170-pound Marlin tagged off Big Island wins 2011 Great Marlin Ra - Hawaii News Now - KGMB and KHNL

170-pound Marlin tagged off Big Island wins 2011 Great Marlin Race

By: Denise Yuki

HONOLULU (HawaiiNewsNow)- The third annual Hawaiian International Billfish Tournament Great Marlin Race, was won by "West Marie," a 170-pound Pacific blue marlin caught by angler Ed Abele and tagged by Marlin Parker on board his boat the Marlin Magic II.

The electronic tag was deployed on the marlin on August 8, 2011, off the Big Island's West Coast.
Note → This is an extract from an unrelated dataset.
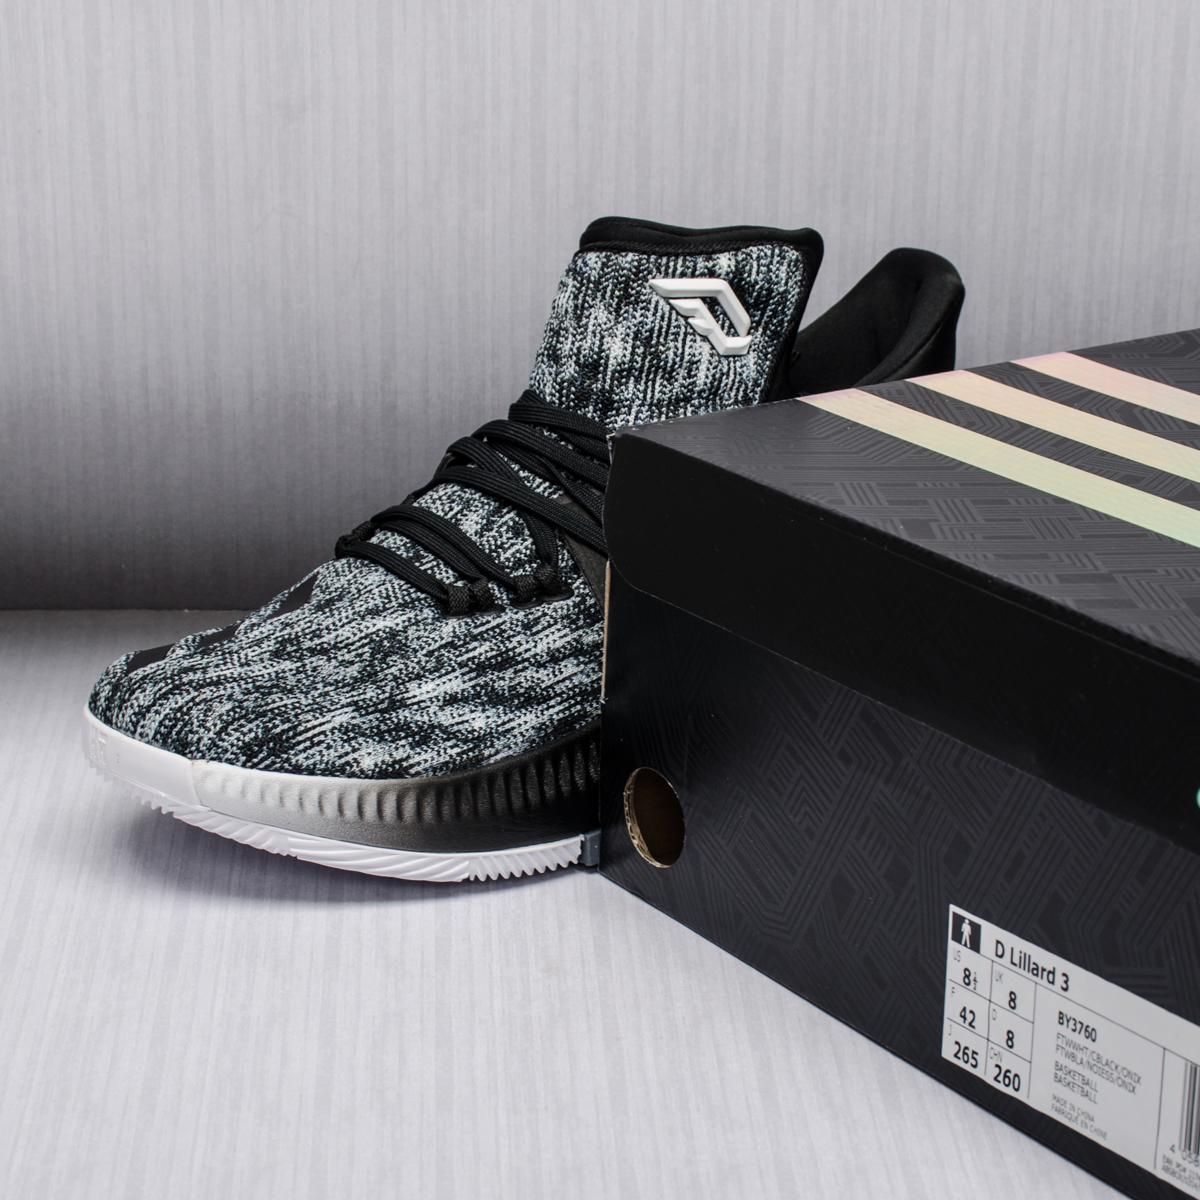 Adidas Dame Lillard 3 Scarpe Adidas Da Basket Basket Scarpe Adidas Scarpe 806e0c

Stanford University marine biologists report that the tag was released from the marlin after 121 days, at a distance of 2,188 nautical miles south of the equator from where it was tagged, and about 700 miles east-northeast of the Marquesas Islands in French Polynesia.

The Great Marlin Race concept was initially developed in 2009 to help celebrate the 50th Anniversary of the Hawaiian International Billfish Tournament (HIBT) and also serves as a collaborative conservation research project involving Stanford University and the International Game Fish Association (IGFA).

Over the first three years of the event, a total of 30 Pacific blue marlin have been tagged with electronic tags and have produced 1,682 days of tracking data, with total point-to-point distances totaling more than 22,500 nautical miles.

"I am amazed at how quickly blue marlin travel the surface waters connecting the two hemispheres," said Stanford University professor of marine sciences Barbara Block. "These are oceanic travelers who are using international waters, crossing many national boundaries quickly."

Of the 10 tags deployed as part of this event, 6 ultimately surfaced - all of them along a broad swath of ocean southeast of the Hawaiian Islands. In the 2010 race all but one of the marlin traveled mostly east from Hawaii, and no tags reported from the Southern Hemisphere.

"The variability in these tracks illustrates the importance of gathering data over several years to understand the broad migration patterns of these fish," said Stanford University marine biologist Randy Kochevar.